▶ [PROBLEM STATEMENT] Type the data below again exactly. Omit all pictures.

▶ [GIVEN MATERIAL]
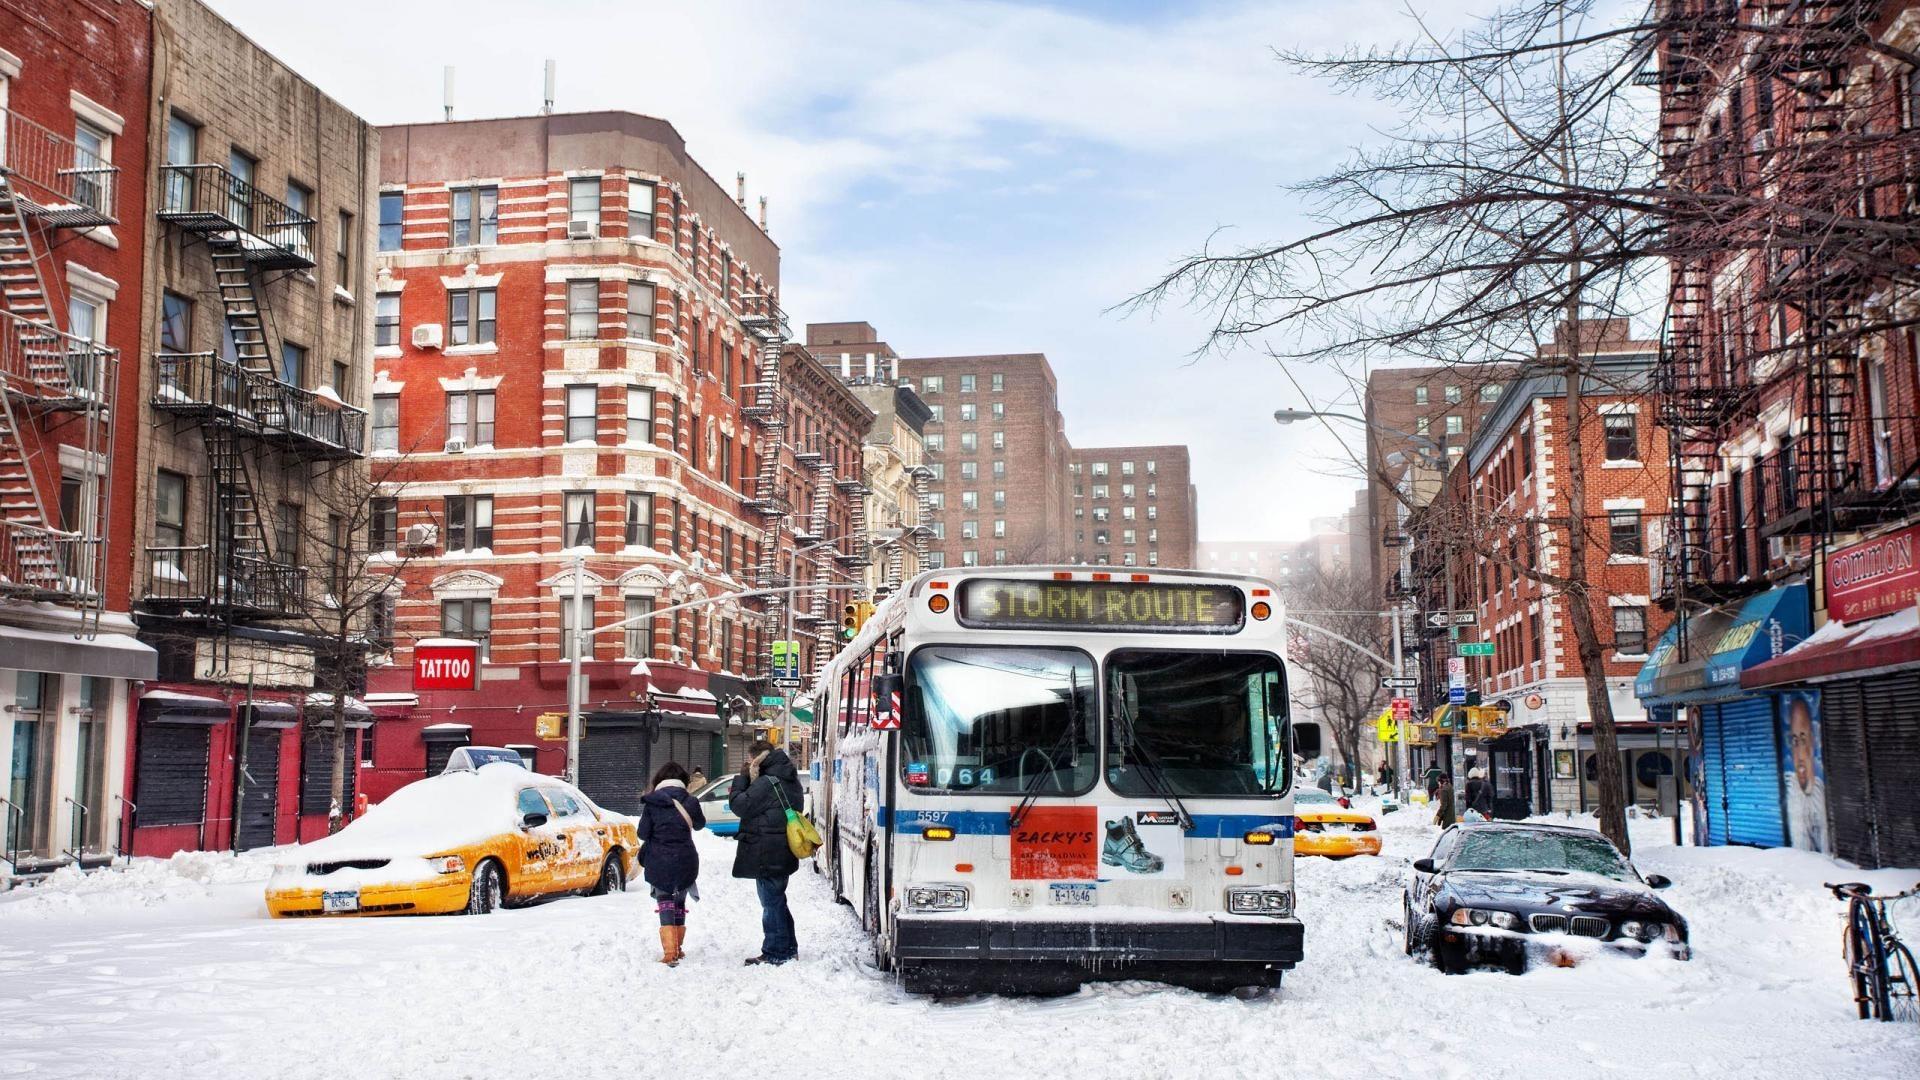 Hard Winter Bus Street City New York USA Wallpaper Free – 1920×1080
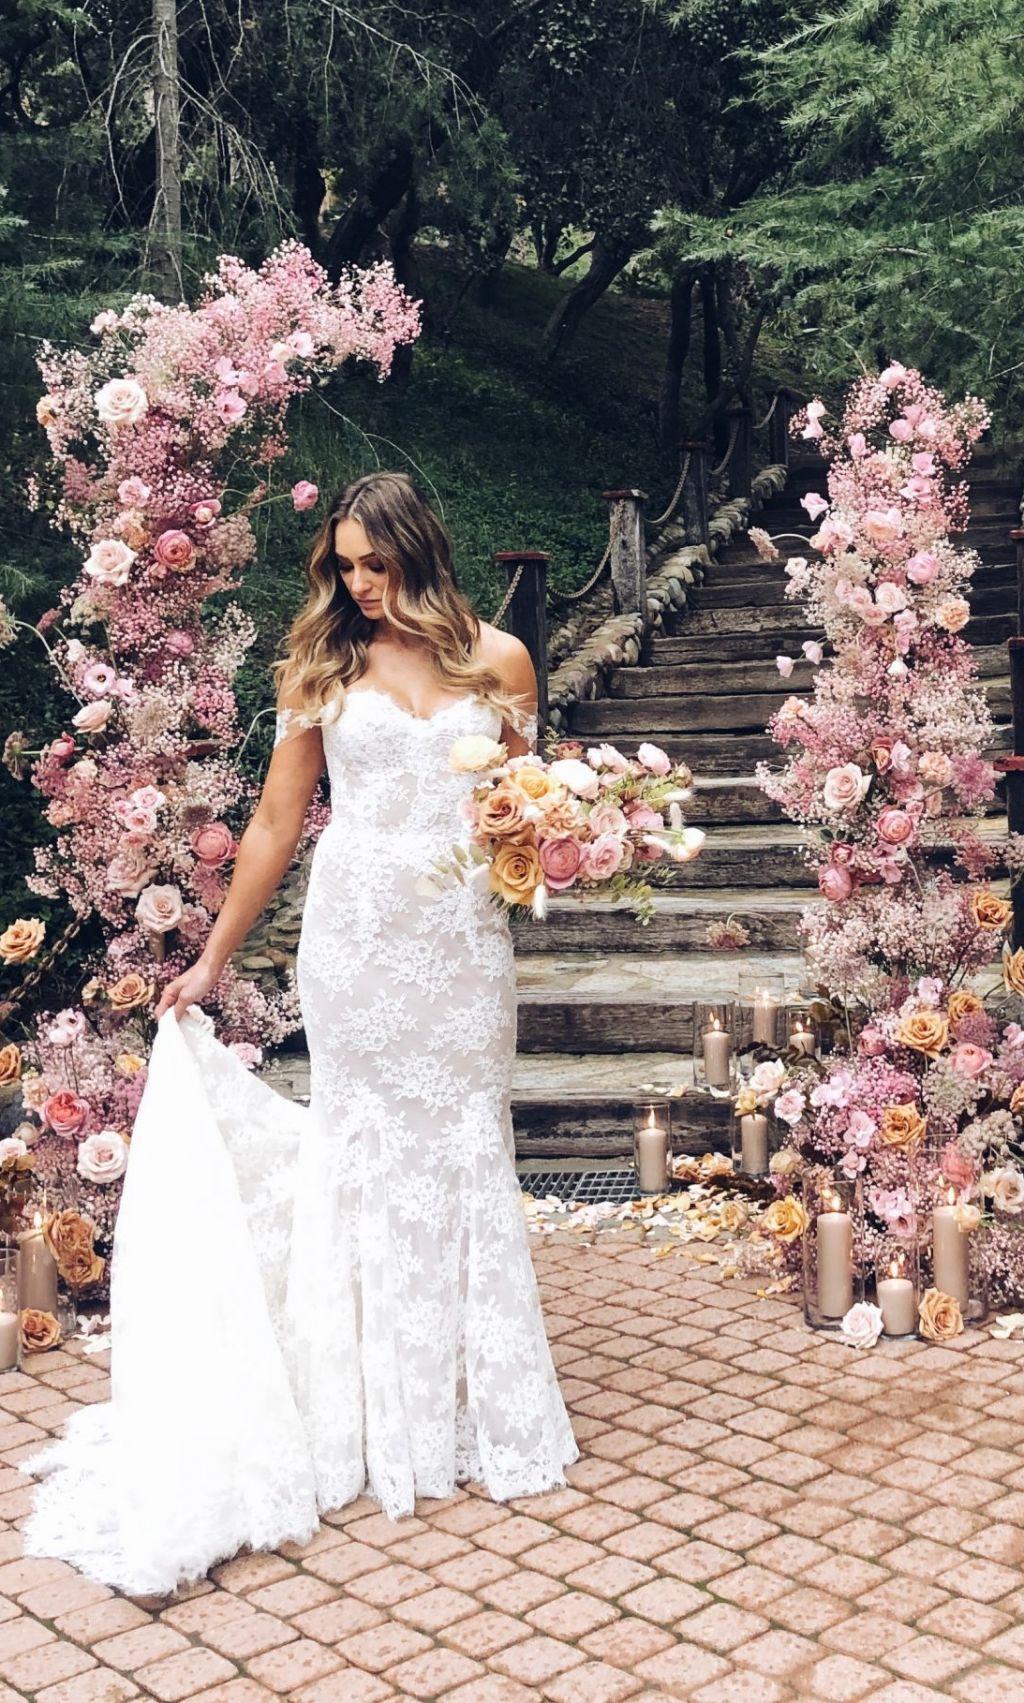 Monique Lhullier - designer wedding dresses for less on PreOwnedWeddingDresses.com
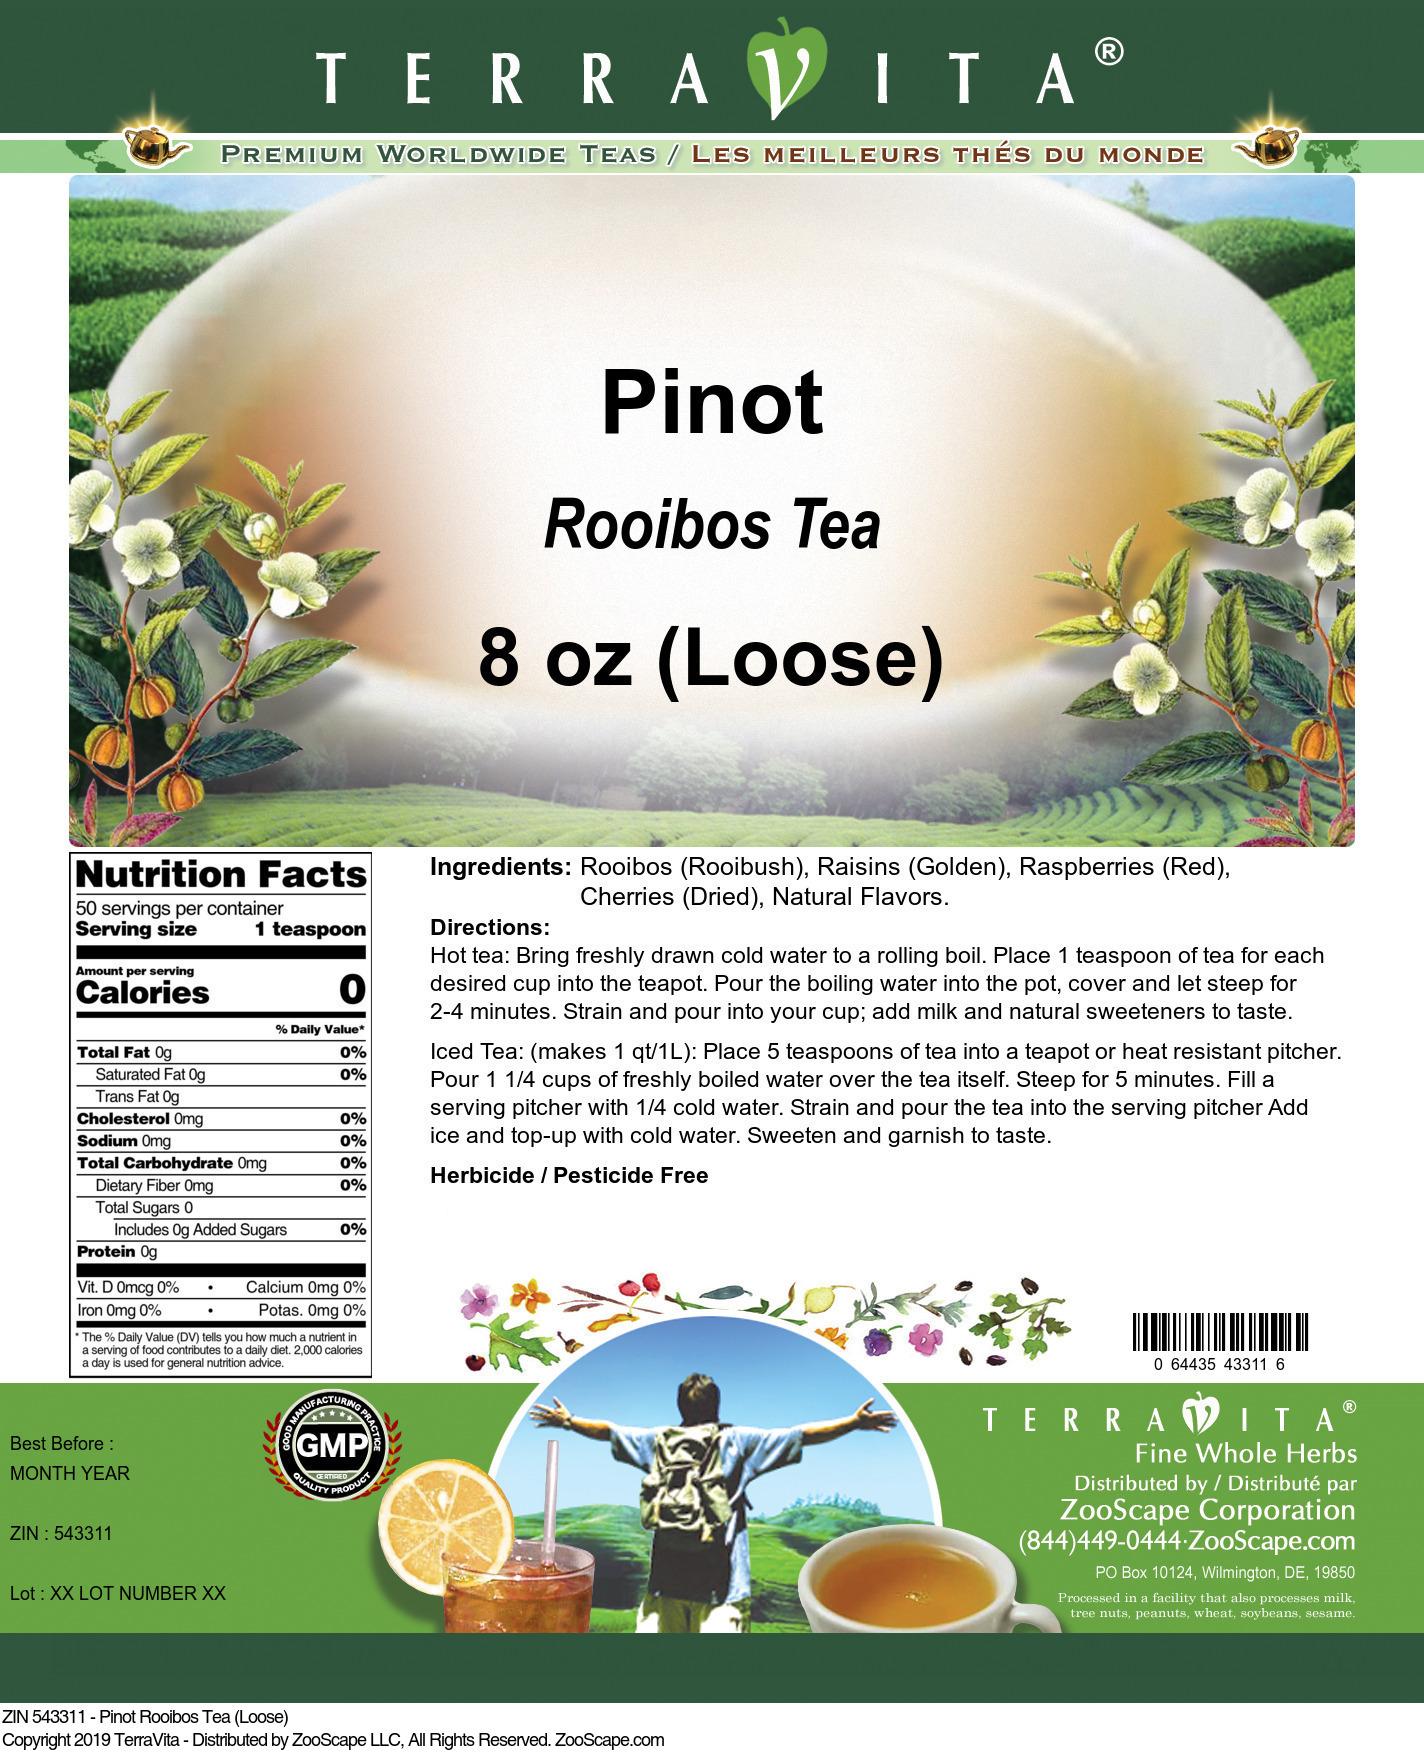 Pinot Rooibos Tea

▶ [RESULT FOR THIS EXERCISE]
 Hard Winter Bus Street City New York USA Wallpaper Free – 1920×1080
 Monique Lhullier - designer wedding dresses for less on PreOwnedWeddingDresses.com
 Pinot Rooibos Tea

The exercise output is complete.